Oireachtas Joint and Select Committees

Tuesday, 8 January 2013

Joint Oireachtas Committee on Health and Children

Implementation of Government Decision Following Expert Group Report into Matters Relating to A, B and C v. Ireland

12:15 pm

Photo of Caoimhghín Ó CaoláinCaoimhghín Ó Caoláin (Cavan-Monaghan, Sinn Fein) | Oireachtas source

I join my colleagues in welcoming the witnesses and thank them for their contributions. Dr. Mahony stated that it is important for medical practitioners and women to be afforded the legal protection required to allow appropriate flexibility in making professional clinical decisions based on medical probability of risk to life. I take that to mean that such provisions would include all situations in which certainty indeed existed. I accept that probability would be the criterion on which the decision would be made. The expert group indicated that the State is obliged to provide precision as to the criteria by which a doctor should assess that risk. I take it Dr. Mahony believes that greater precision is achievable. To what extent is precision possible given the complexities that regulation and legislation can present?

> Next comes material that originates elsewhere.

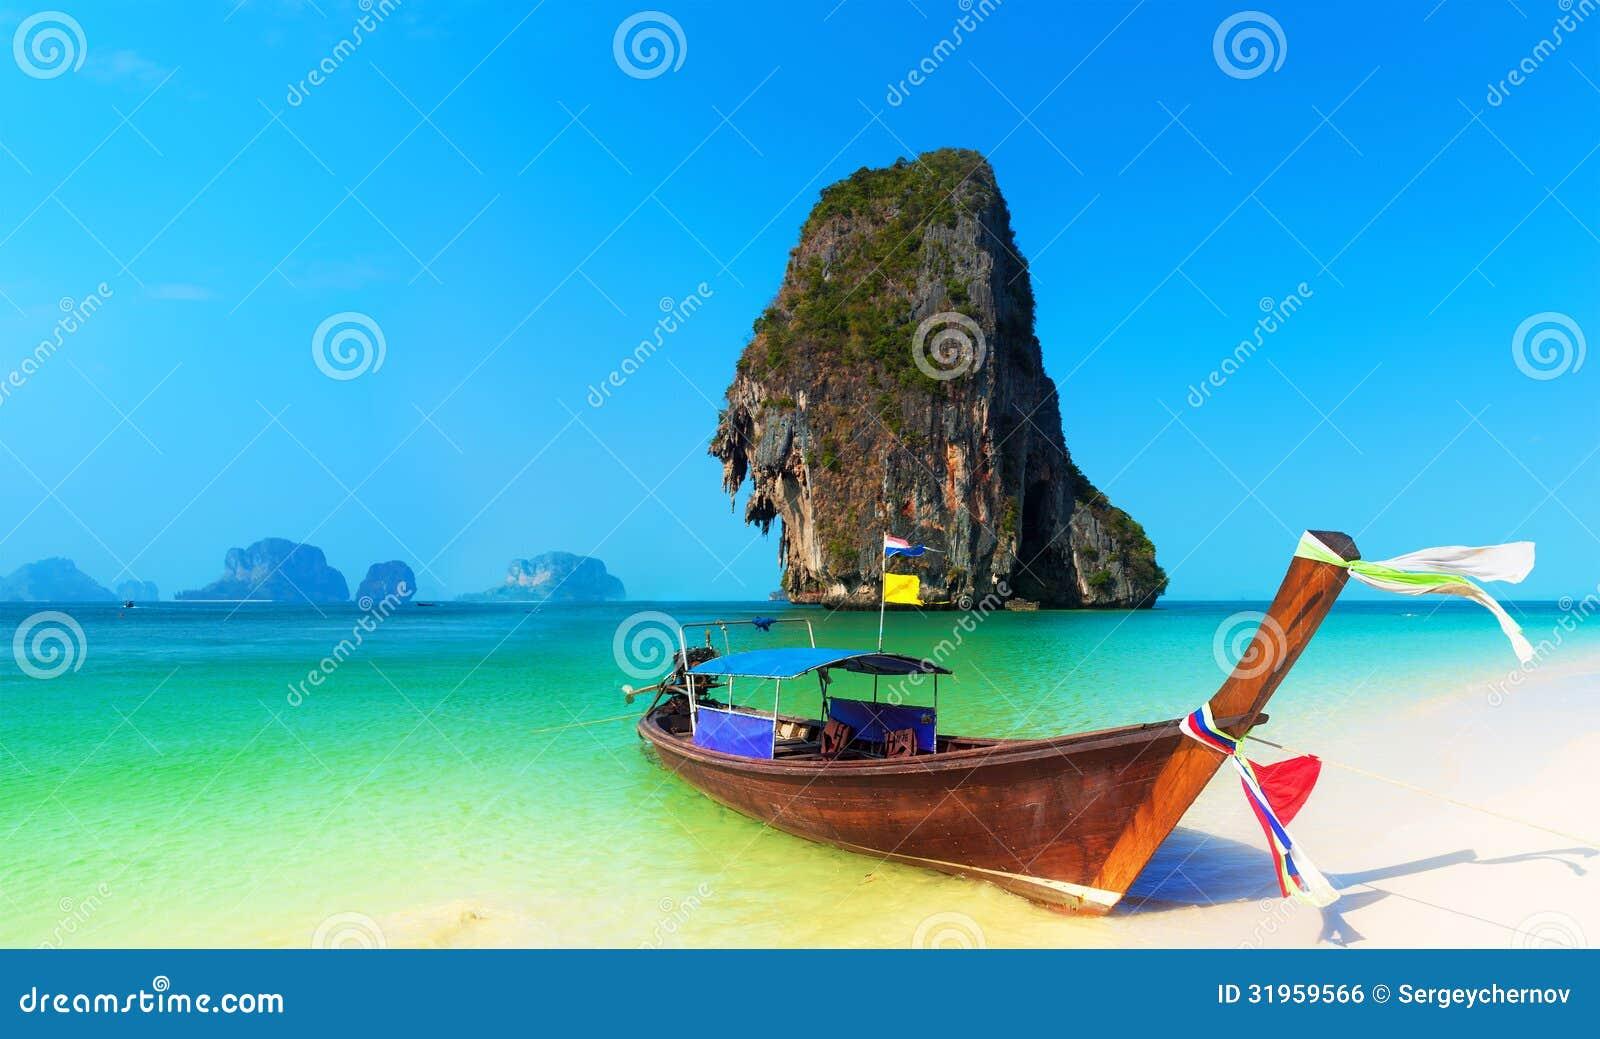 Tajlandia plaży krajobrazu tropikalny tło. Azja oceanu natura

If a probability has been professionally asserted that a woman's life is at risk, how would the witnesses envisage the independent review system functioning? Surely it would need specific timeframes for its functionality. There is a lack of clarity on that matter. We raised this issue with the representatives from the Medical Council and I am anxious to hear the witnesses' views or ideas on this aspect of the expert group's recommendations.

We know that sections 58 and 59 of the 1861 Act remain in force in terms of absolute prohibition and associated criminal offences. In the witnesses' respective experiences, has the continued existence of this prohibition impaired or impacted on the decision making of fellow professionals?